Sentiment Classification of IMDB Movie Review Data Using a PyTorch LSTM Network

This demo from Dr. James McCaffrey of Microsoft Research of creating a prediction system for IMDB data using an LSTM network can be a guide to create a classification system for most types of text data.

The goal of the IMDB dataset problem is to predict if a movie review has positive sentiment ("I liked this movie") or negative sentiment ("The film was a disappointment"). This article explains how to create a prediction system for IMDB data using an LSTM (long short-term memory) network. The demo presented here can be a guide to create a classification system for most types of text data.

Figure 1: IMDB Movie Review Sentiment Prediction Using an LSTM Network
[Click on image for larger view.] Figure 1: IMDB Movie Review Sentiment Prediction Using an LSTM Network

A good way to see where this article is headed is to take a look at the screenshot of a demo program in Figure 1. The demo works with a subset of IMDB data where the movie reviews are 50 words or less. The reviews have been preprocessed by converting words (technically tokens) to integer IDs. For example, the word "and" has ID = 5. The demo loads 620 training reviews and 667 testing reviews from file into memory.

The demo program trains an LSTM network for 20 epochs. The loss/error on the training data gradually decreases and the classification accuracy gradually increases, which indicates training is working. After training completes, the demo computes the classification accuracy of the model on the test data (67.62 percent correct = 451 out of 667 correct).
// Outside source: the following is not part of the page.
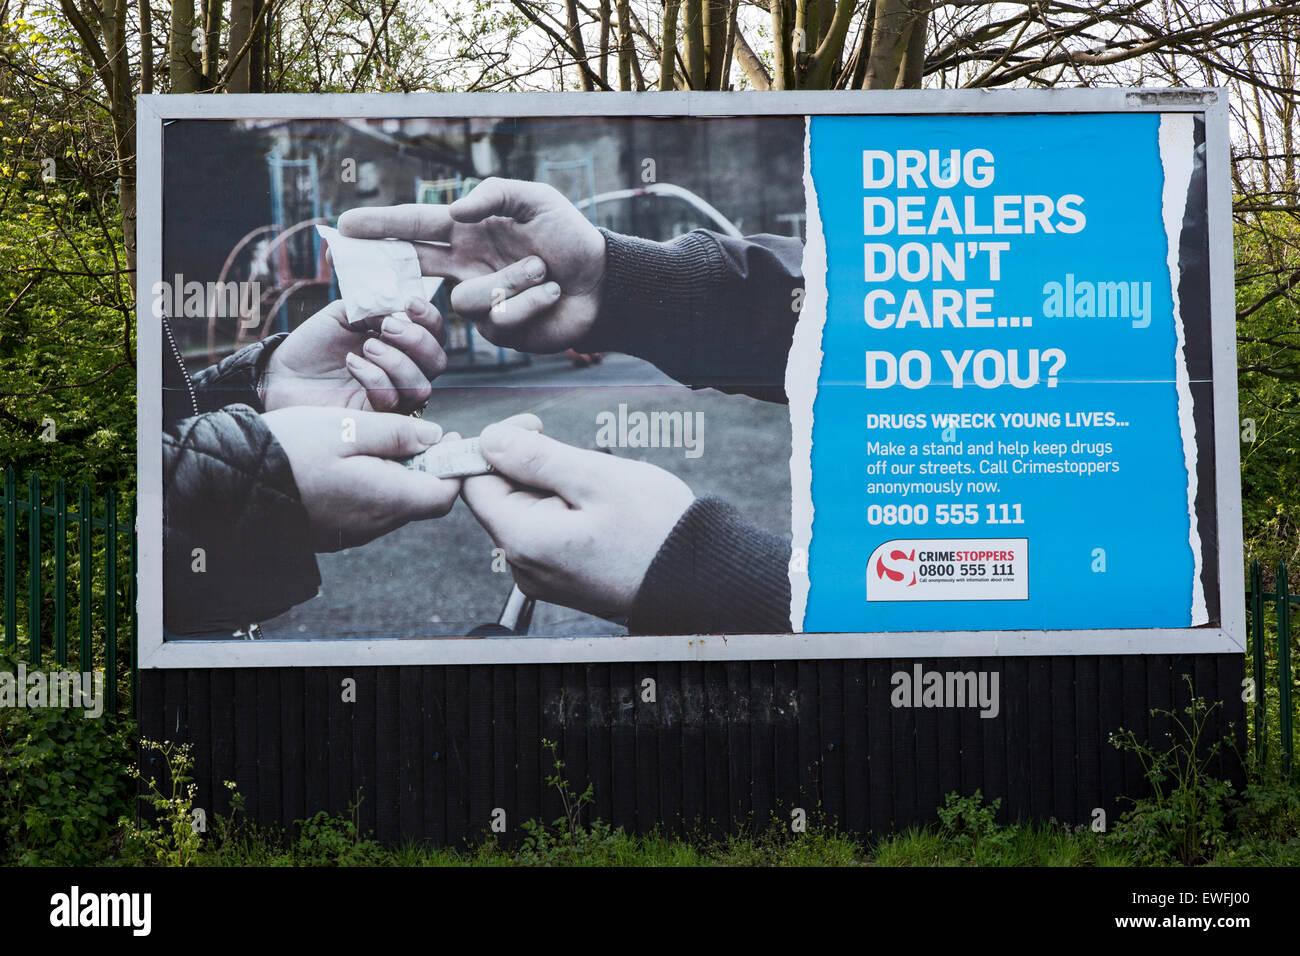 Póster anti drogas Ipswich, Suffolk, Inglaterra, Reino Unido. Foto de stock

The model accuracy is poor because the demo did not use enough training data.

The demo concludes by using the trained model to make a prediction for a new, previously unseen movie review of, "the movie was a great waste of my time." The raw prediction output of the model is (-0.0031, -5.7867). The output values, converted to pseudo-probabilities that sum to 1, are (0.9969, 0.0031). Because the first pseudo-probability value at [0] is larger than the second at [1], the prediction is class 0 = negative sentiment.

This article assumes you have an intermediate or better familiarity with a C-family programming language, preferably Python, but doesn't assume you know anything about LSTM networks. The complete source code for the demo program is presented in this article, and the code is also available in the accompanying file download.

The IMDB Movie Review Data
The IMDB movie review data consists of 50,000 reviews -- 25,000 for training and 25,000 for testing. The training and test files are evenly divided into 12,500 positive reviews and 12,500 negative reviews. Negative reviews are those reviews associated with movies that the reviewer rated as 1 through 4 stars. Positive reviews are the ones rated 7 through 10 stars. Movie reviews that received 5 or 6 stars are considered neither positive nor negative and are not used.

Converting the raw IMDB source data into text files for training and testing is a significant challenge. See the previous Visual Studio Magazine article in this series, "Preparing IMDB Movie Review Data for NLP Experiments," which is available in The Data Science Lab.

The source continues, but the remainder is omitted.